A huge part of the story behind gold’s surge is how much of it China has been snapping up lately. The central bank of the communist nation has been a consistent buyer of the yellow metal, but even that is not the biggest factor at play here. The reason gold is doing so phenomenally right now has to do with buying from retail investors, at least according to analysts who work for the research firm Gavekal Dragonomics in a recently penned note.
They added that as China’s property sector has collapsed and its stock market has languished, “a larger portion of China’s household savings is flowing into gold as an alternative.”

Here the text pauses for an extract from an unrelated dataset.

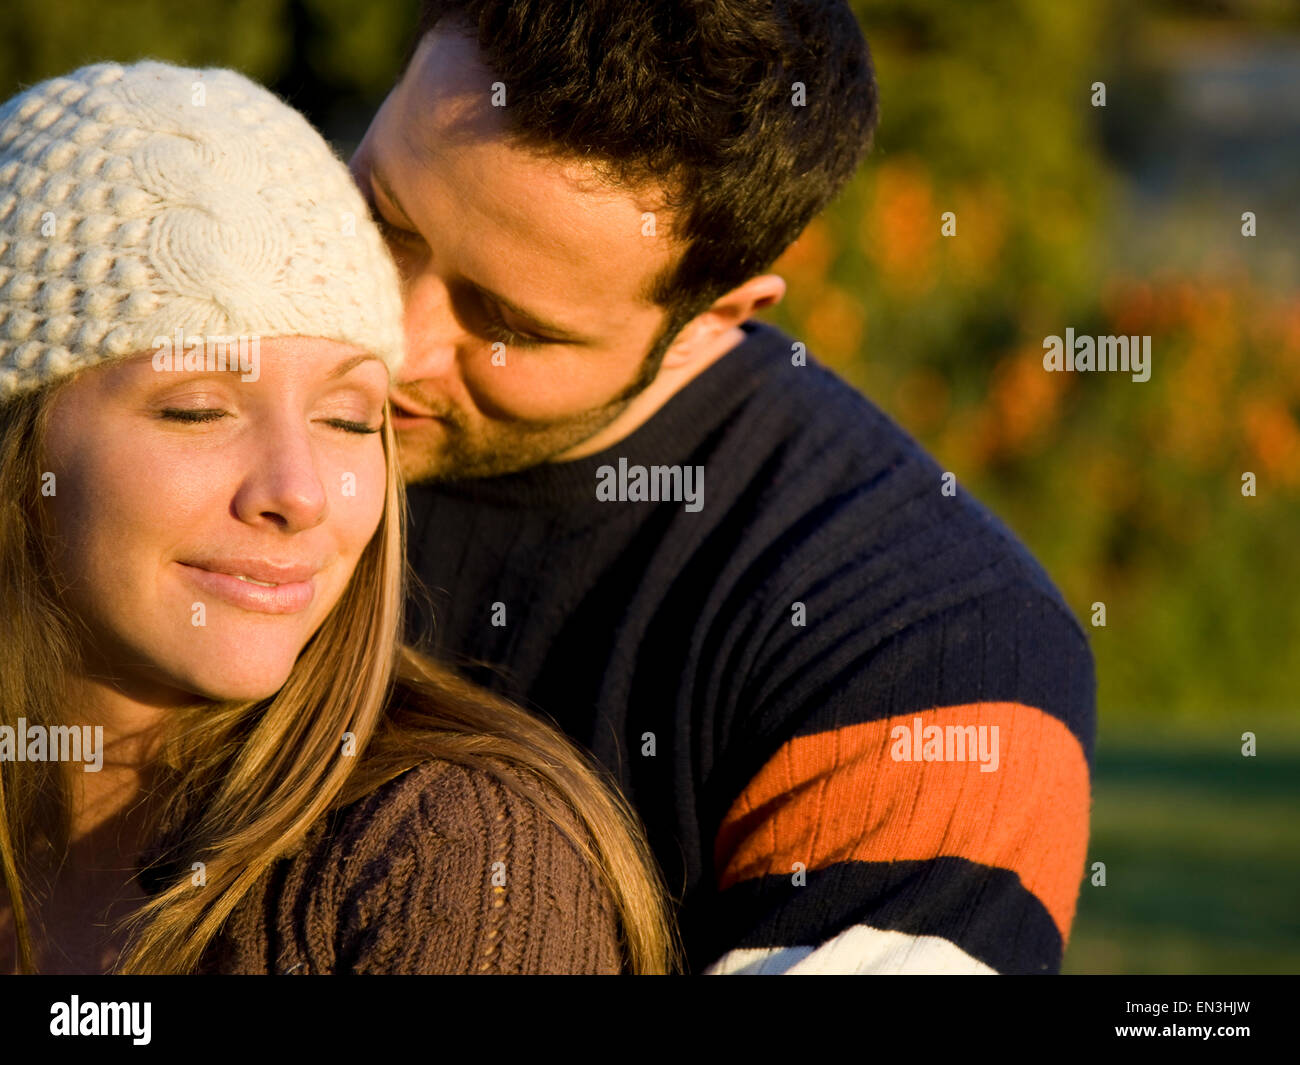 USA, Utah, Provo, Young couple embracing Stock Photo

While gold continues to benefit from fundamental support—and the momentum from this latest rally has possibly drawn in new investors—such a rapid pace of gains for a typically stalwart and stodgy commodity risks looking overdone.
“Warning signs are flashing,” Kathleen Brooks, an analyst who works at broker XTB, stated in a note. “At this stage it is hard to see the gold price coming under severe downward pressure, but we would point out that open interest on gold contracts appears to have peaked and the gold price is now 15% above its 200-day simple moving average. This suggests that it is at extreme levels and could be due a pullback.”
Precious metals are usually good investments and if you have been investing in gold for awhile, well, you’re no doubt very pleased with the results you’re seeing right now. Keep an eye on the market to see if the streak continues.